Are the Fourier transforms of two orthogonal functions orthogonal?

Question

I know that if a matrix $\mathbf{A}$ is orthogonal, then $x\cdot x = \mathbf{A}x\cdot \mathbf{A}x$ because $\mathbf{A}x\cdot \mathbf{A}x = (\mathbf{A}x)^T \mathbf{A}x = x^T\mathbf{A}^T\mathbf{A}x=x^T\mathbf{A}^{-1}\mathbf{A}x=x^Tx=x\cdot x$.

If the inner product over functions is chosen to be, $$ f\cdot g = \int_{-\infty}^{\infty} f(x)\overline{g(x)} \,\mathrm{dx} $$

Then it seems intuitive to me that if I normalize the Fourier transform the right way, then it will act like it's "orthonormal," and preserve this inner product so that $\mathcal{F}[f]\cdot \mathcal{F}[g] = f\cdot g$. How do I prove this, and which normalization should I use to make it true?

Answer 1

You are looking for the Plancherel theorem. A part of it states that the Fourier transform preserves the inner product in $\mathscr{L}^2$.

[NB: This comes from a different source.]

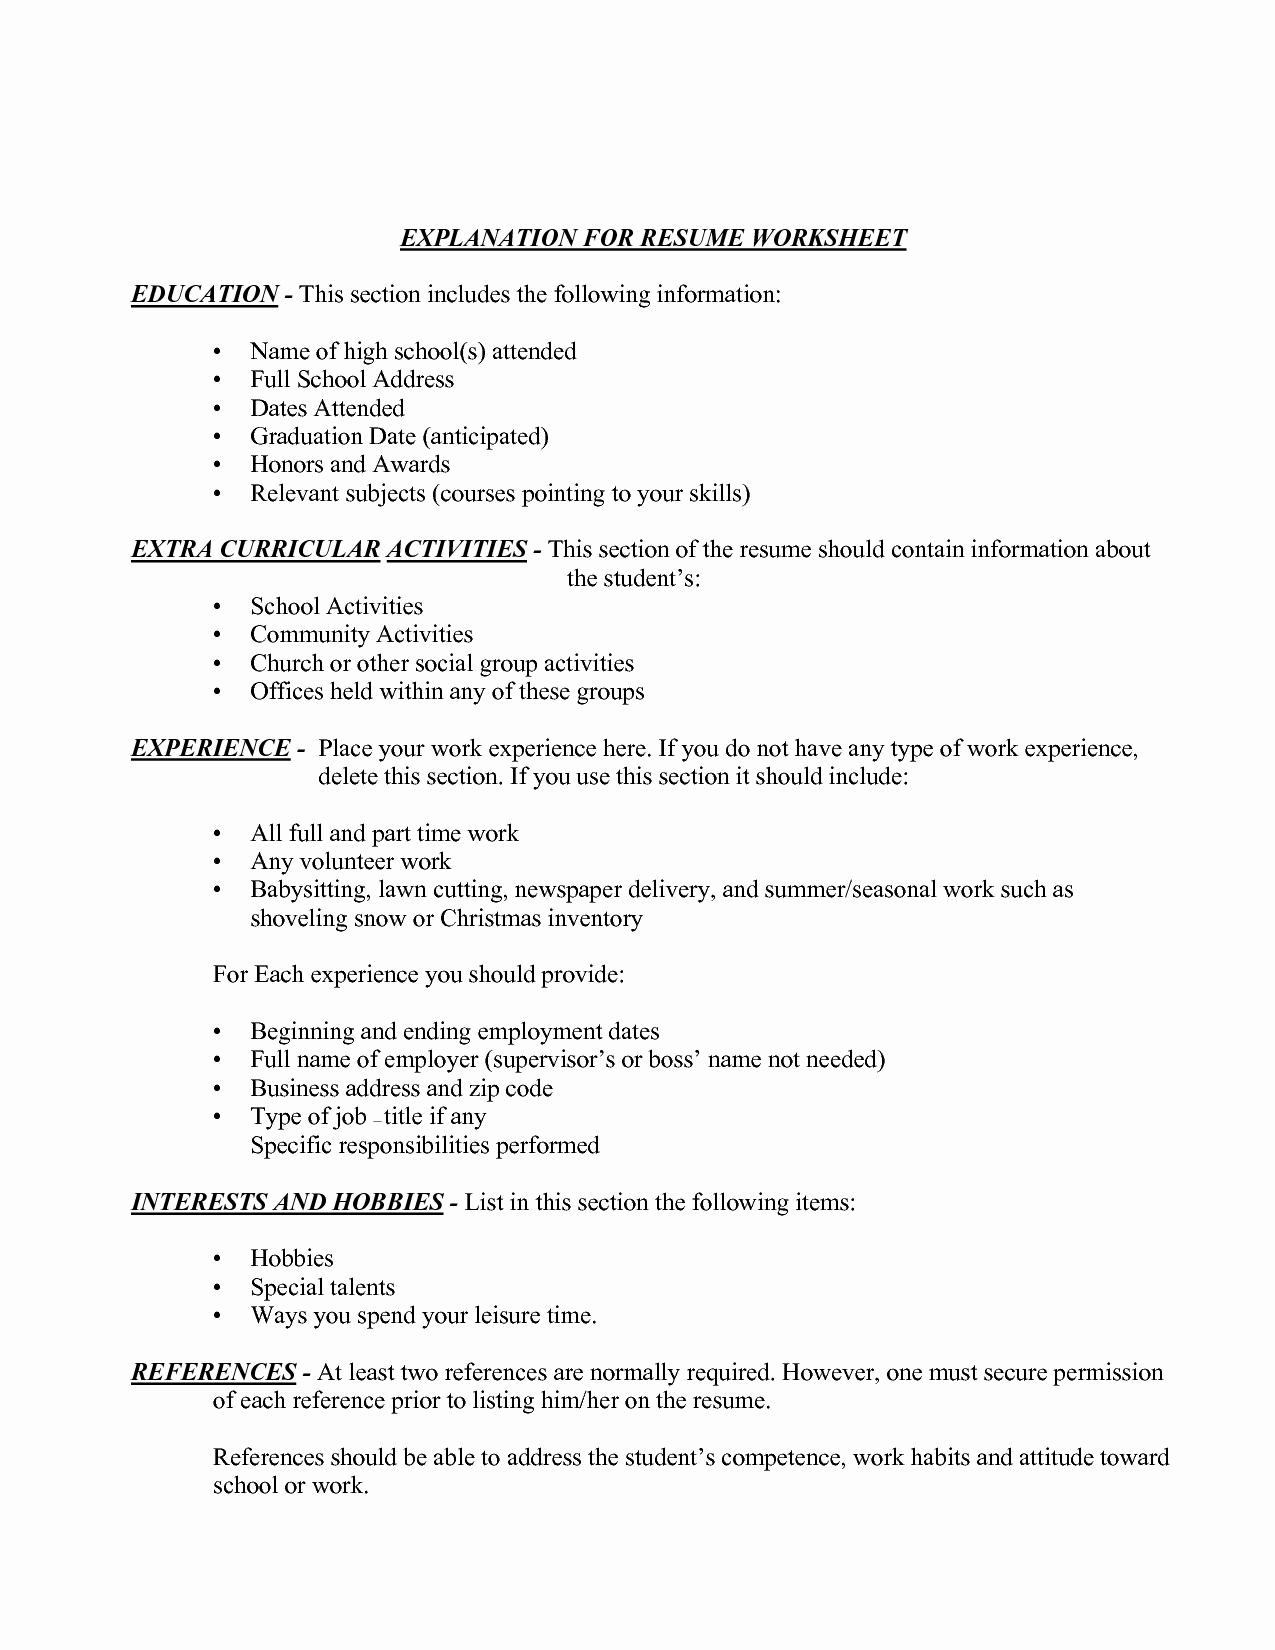 Honors On Resume New 12 Best Of Resume Information Worksheet High
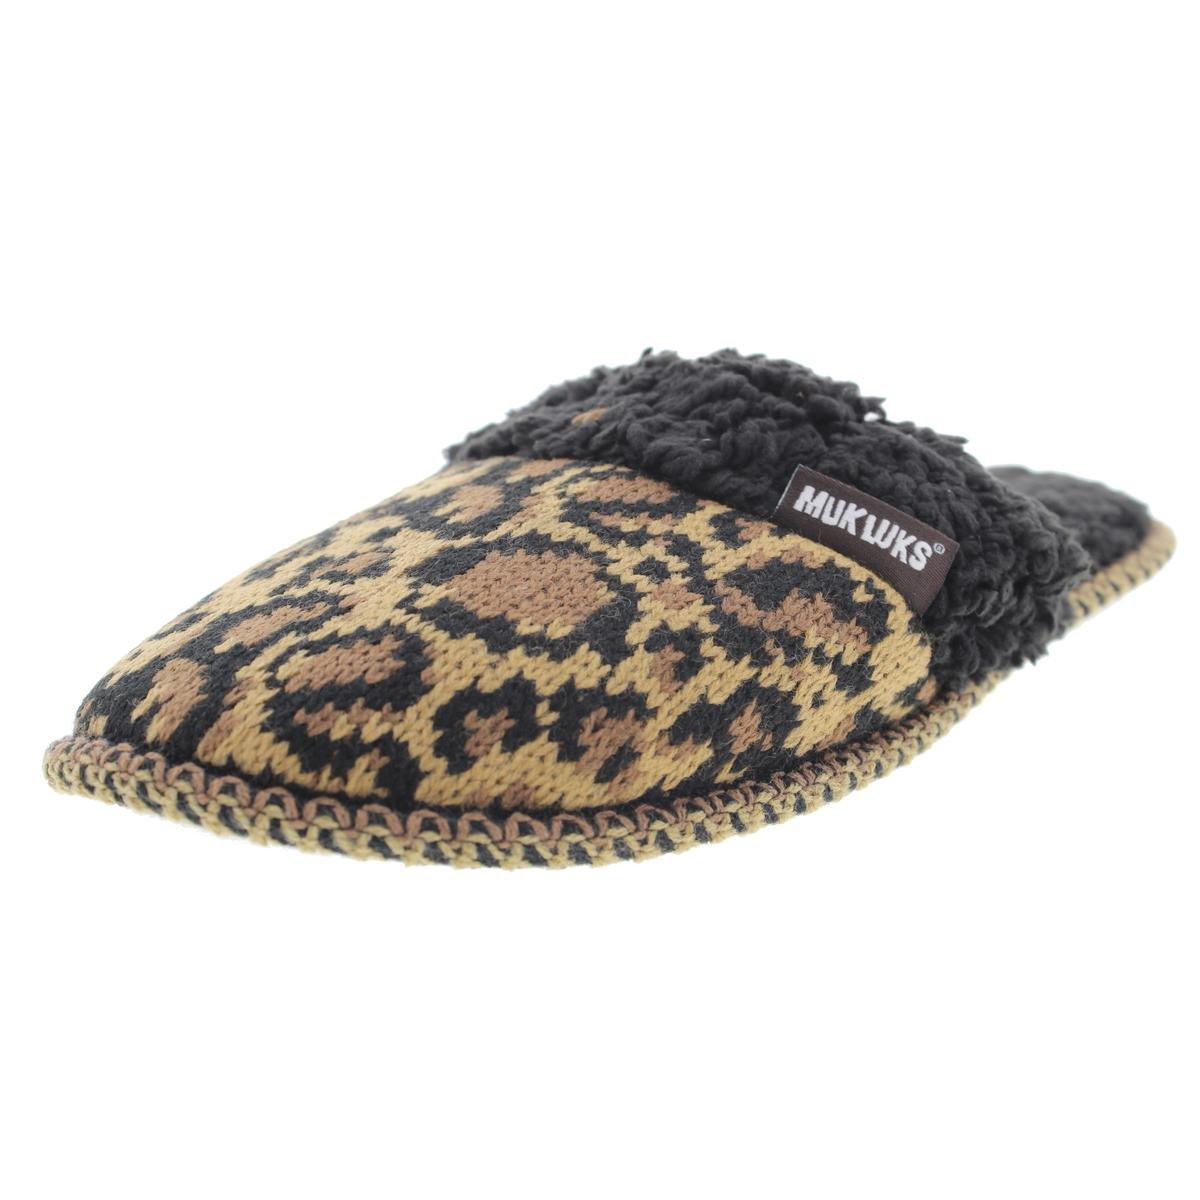 MUK LUKS Women's Fairisle Knit Scuff-Leopard Medium/7-8 M US

The result is that, $$ \int_{-\infty}^\infty f(x)\overline{g(x)} \, dx = \int_{-\infty}^\infty \widehat{f}(\xi) \overline{\widehat{g}(\xi)} \, d\xi $$ When both $f$ and $g$ are in $\mathscr{L}^2$.

Answer 2

For a proof define $\hat{g}(\xi)=\int_\mathbb{R}g(x)\exp -2\pi ix\xi dx$ so $g(x)=\int_\mathbb{R}\hat{g}(\xi)\exp 2\pi ix\xi dx$ and both sides of the Plancherel theorem are $\int_{\mathbb{R}^2}f(x)\overline{\hat{g}(\xi)}\exp -2\pi ix\xi dx$.